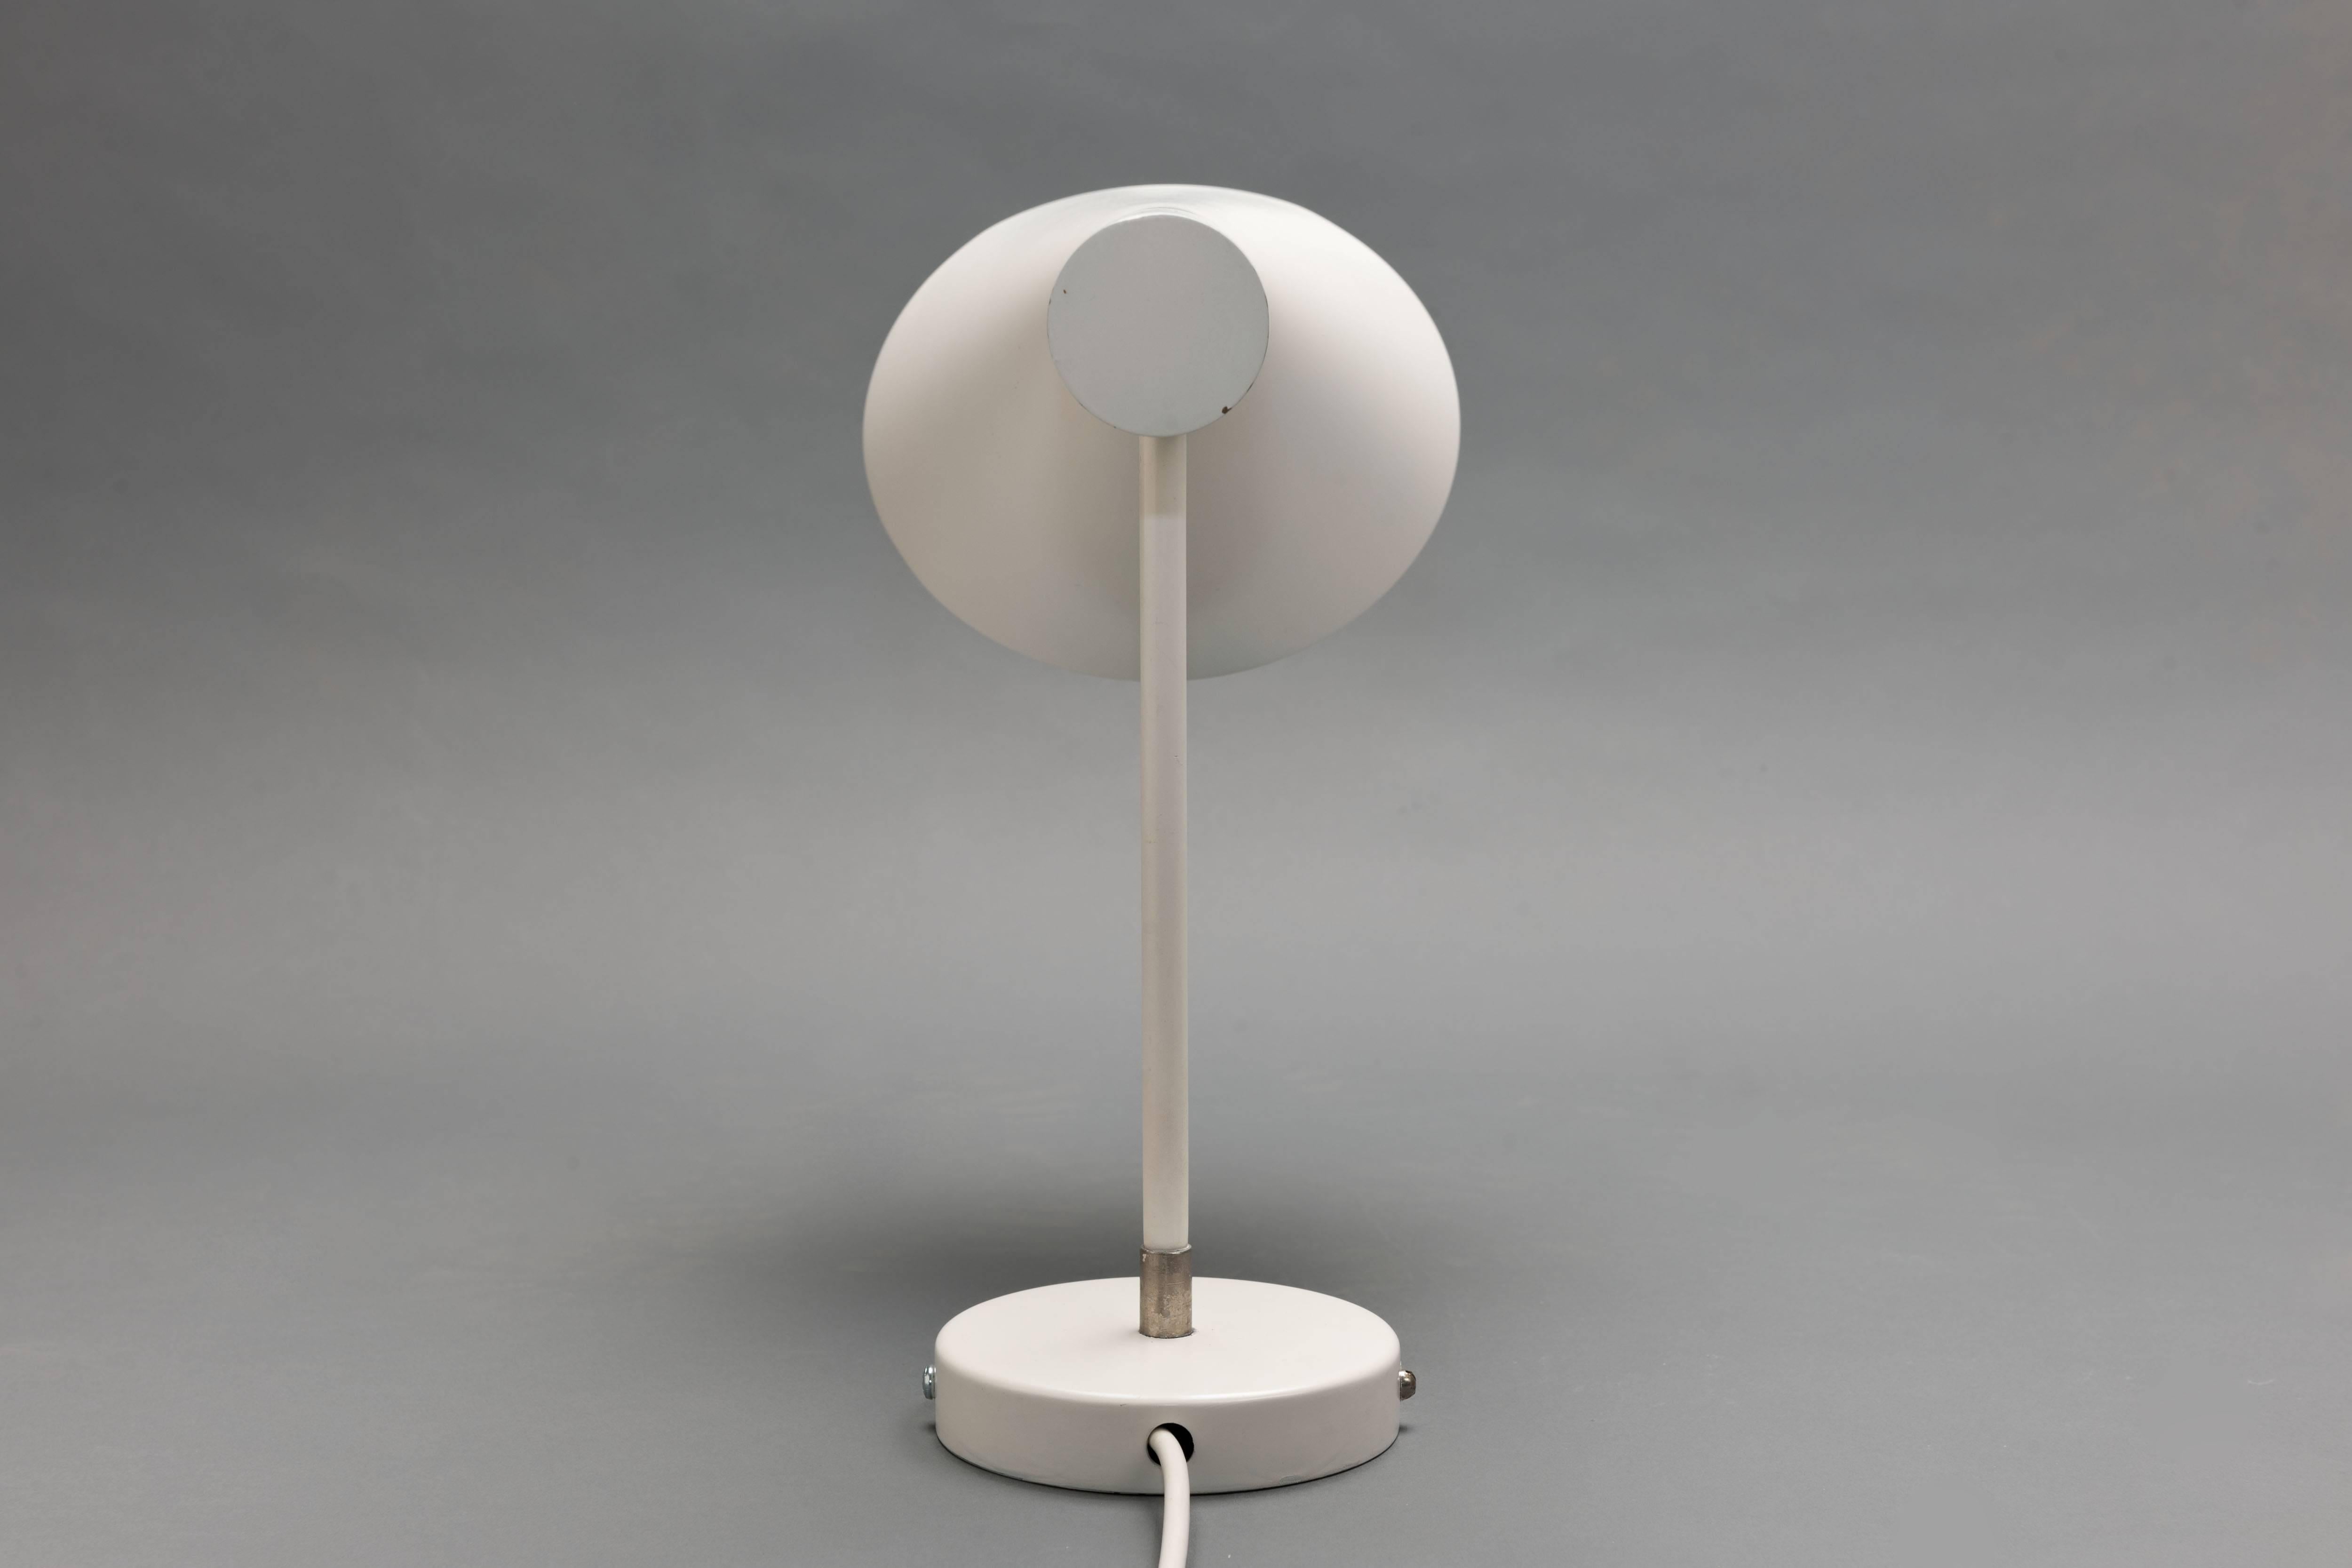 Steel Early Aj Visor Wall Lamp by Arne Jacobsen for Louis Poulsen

....

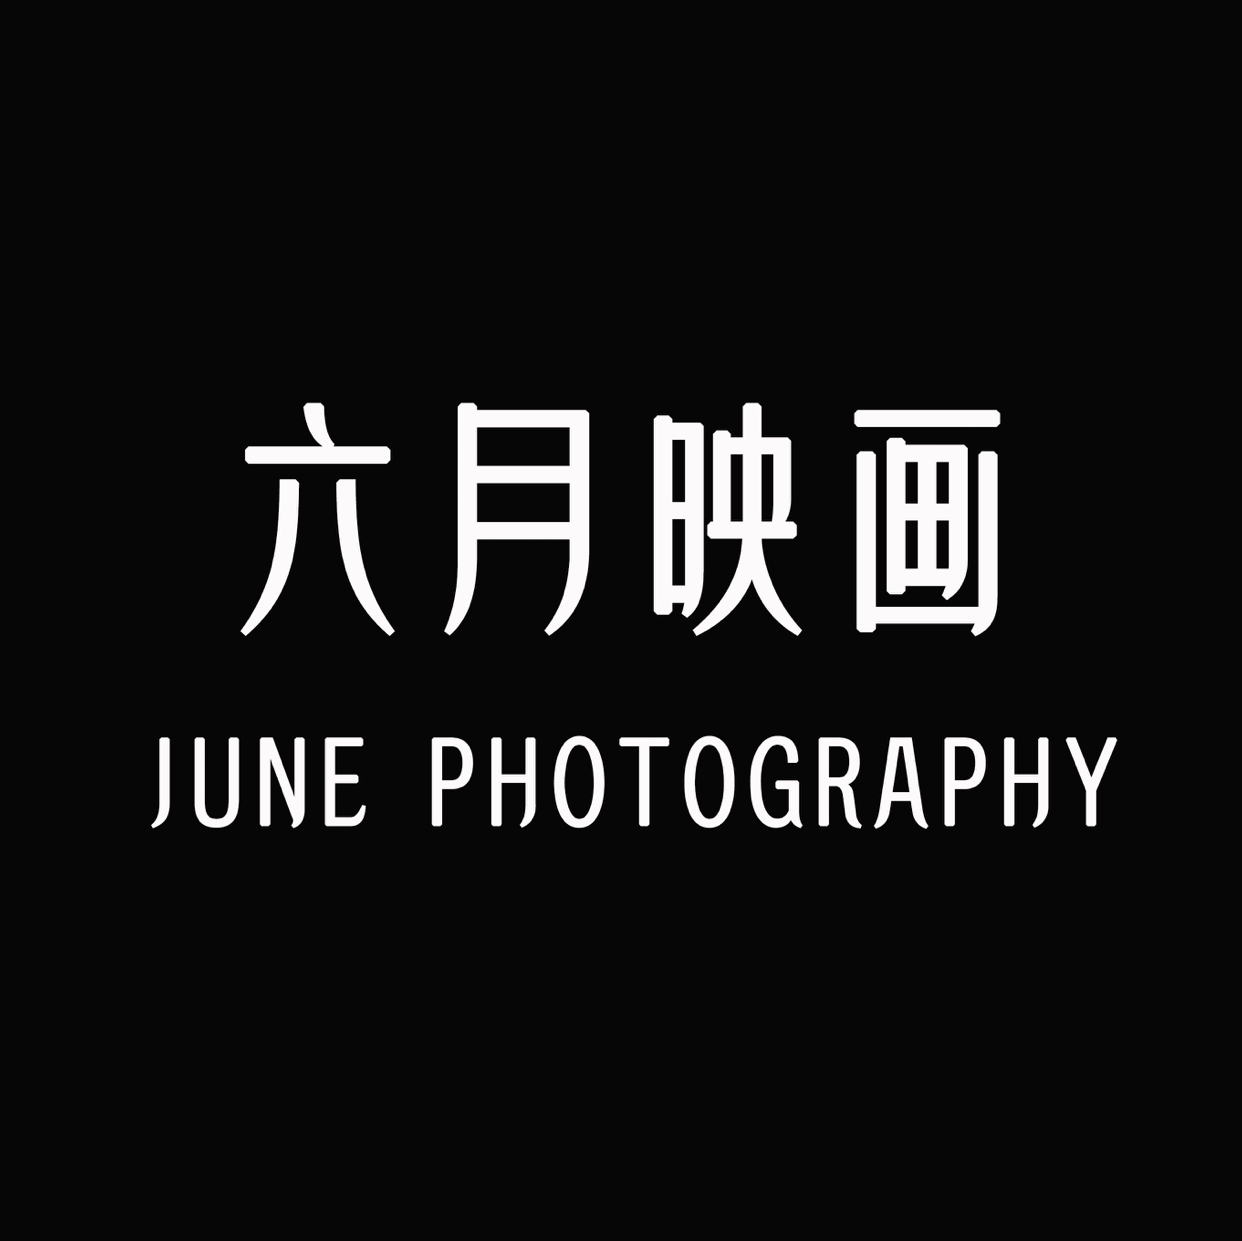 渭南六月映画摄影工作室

....

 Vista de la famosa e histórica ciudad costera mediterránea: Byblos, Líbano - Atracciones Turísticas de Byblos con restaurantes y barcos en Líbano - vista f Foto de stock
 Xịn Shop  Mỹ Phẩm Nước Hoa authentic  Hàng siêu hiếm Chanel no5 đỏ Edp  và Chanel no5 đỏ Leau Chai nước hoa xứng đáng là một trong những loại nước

....

Exercise requirements
Retype the records above, but only those lines that fall between the line containing "Vista de la" and the line containing "những loại nước", with both of those lines included, exactly as written.

Result
 Vista de la famosa e histórica ciudad costera mediterránea: Byblos, Líbano - Atracciones Turísticas de Byblos con restaurantes y barcos en Líbano - vista f Foto de stock
 Xịn Shop  Mỹ Phẩm Nước Hoa authentic  Hàng siêu hiếm Chanel no5 đỏ Edp  và Chanel no5 đỏ Leau Chai nước hoa xứng đáng là một trong những loại nước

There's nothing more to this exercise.